Task to carry out:
Give again, word for word, every line below from the one that has "1919 Medals of" through the one that has "Very distinctive and designer handles.", both included, and no others.

********************

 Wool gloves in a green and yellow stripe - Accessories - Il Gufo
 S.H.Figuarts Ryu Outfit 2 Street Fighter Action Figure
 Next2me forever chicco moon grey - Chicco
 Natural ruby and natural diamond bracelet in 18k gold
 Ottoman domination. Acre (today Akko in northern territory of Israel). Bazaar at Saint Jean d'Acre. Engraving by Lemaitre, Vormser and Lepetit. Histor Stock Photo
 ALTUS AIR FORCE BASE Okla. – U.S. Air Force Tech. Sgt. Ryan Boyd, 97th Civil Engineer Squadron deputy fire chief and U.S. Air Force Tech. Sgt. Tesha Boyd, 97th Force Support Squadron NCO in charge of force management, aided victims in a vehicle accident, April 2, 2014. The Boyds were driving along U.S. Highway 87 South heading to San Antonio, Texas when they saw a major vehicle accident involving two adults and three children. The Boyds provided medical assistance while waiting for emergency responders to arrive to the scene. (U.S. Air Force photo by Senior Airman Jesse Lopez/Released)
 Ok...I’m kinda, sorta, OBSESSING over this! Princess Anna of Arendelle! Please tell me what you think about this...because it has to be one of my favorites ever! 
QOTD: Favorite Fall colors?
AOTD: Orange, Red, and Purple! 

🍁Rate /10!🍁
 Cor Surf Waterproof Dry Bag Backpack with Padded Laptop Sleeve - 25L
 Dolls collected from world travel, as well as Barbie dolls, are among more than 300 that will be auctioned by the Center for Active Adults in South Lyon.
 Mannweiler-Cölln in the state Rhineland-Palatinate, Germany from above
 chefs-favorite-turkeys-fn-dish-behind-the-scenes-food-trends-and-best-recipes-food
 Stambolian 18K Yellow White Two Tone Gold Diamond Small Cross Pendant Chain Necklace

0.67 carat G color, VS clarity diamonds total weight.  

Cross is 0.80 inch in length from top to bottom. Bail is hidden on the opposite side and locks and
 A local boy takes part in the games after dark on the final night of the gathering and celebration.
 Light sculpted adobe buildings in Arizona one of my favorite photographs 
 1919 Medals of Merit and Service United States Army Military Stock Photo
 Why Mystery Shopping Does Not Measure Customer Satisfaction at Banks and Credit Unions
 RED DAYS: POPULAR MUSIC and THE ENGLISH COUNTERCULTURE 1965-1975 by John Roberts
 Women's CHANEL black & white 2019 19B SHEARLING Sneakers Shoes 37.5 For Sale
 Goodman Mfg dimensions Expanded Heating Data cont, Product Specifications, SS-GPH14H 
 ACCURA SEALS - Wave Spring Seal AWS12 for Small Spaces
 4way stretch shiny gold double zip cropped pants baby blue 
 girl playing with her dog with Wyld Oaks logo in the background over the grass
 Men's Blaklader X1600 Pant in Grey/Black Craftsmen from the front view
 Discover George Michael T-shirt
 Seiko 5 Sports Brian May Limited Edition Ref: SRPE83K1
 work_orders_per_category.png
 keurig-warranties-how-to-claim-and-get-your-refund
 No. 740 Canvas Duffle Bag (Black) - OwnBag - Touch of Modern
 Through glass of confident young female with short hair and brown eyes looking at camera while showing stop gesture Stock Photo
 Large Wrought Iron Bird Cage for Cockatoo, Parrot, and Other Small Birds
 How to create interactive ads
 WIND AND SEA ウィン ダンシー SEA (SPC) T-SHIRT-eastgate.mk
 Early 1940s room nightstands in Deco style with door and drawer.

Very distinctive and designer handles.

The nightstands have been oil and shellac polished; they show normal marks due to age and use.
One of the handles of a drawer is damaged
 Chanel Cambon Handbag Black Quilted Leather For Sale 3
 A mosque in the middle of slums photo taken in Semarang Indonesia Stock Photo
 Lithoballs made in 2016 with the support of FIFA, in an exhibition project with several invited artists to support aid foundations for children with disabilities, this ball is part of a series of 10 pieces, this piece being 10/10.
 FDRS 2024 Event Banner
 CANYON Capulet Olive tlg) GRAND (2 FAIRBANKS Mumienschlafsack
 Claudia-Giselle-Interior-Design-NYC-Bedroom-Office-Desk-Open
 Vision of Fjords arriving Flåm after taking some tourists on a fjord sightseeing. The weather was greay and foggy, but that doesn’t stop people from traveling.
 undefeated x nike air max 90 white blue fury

********************

The completed task:
 1919 Medals of Merit and Service United States Army Military Stock Photo
 Why Mystery Shopping Does Not Measure Customer Satisfaction at Banks and Credit Unions
 RED DAYS: POPULAR MUSIC and THE ENGLISH COUNTERCULTURE 1965-1975 by John Roberts
 Women's CHANEL black & white 2019 19B SHEARLING Sneakers Shoes 37.5 For Sale
 Goodman Mfg dimensions Expanded Heating Data cont, Product Specifications, SS-GPH14H 
 ACCURA SEALS - Wave Spring Seal AWS12 for Small Spaces
 4way stretch shiny gold double zip cropped pants baby blue 
 girl playing with her dog with Wyld Oaks logo in the background over the grass
 Men's Blaklader X1600 Pant in Grey/Black Craftsmen from the front view
 Discover George Michael T-shirt
 Seiko 5 Sports Brian May Limited Edition Ref: SRPE83K1
 work_orders_per_category.png
 keurig-warranties-how-to-claim-and-get-your-refund
 No. 740 Canvas Duffle Bag (Black) - OwnBag - Touch of Modern
 Through glass of confident young female with short hair and brown eyes looking at camera while showing stop gesture Stock Photo
 Large Wrought Iron Bird Cage for Cockatoo, Parrot, and Other Small Birds
 How to create interactive ads
 WIND AND SEA ウィン ダンシー SEA (SPC) T-SHIRT-eastgate.mk
 Early 1940s room nightstands in Deco style with door and drawer.

Very distinctive and designer handles.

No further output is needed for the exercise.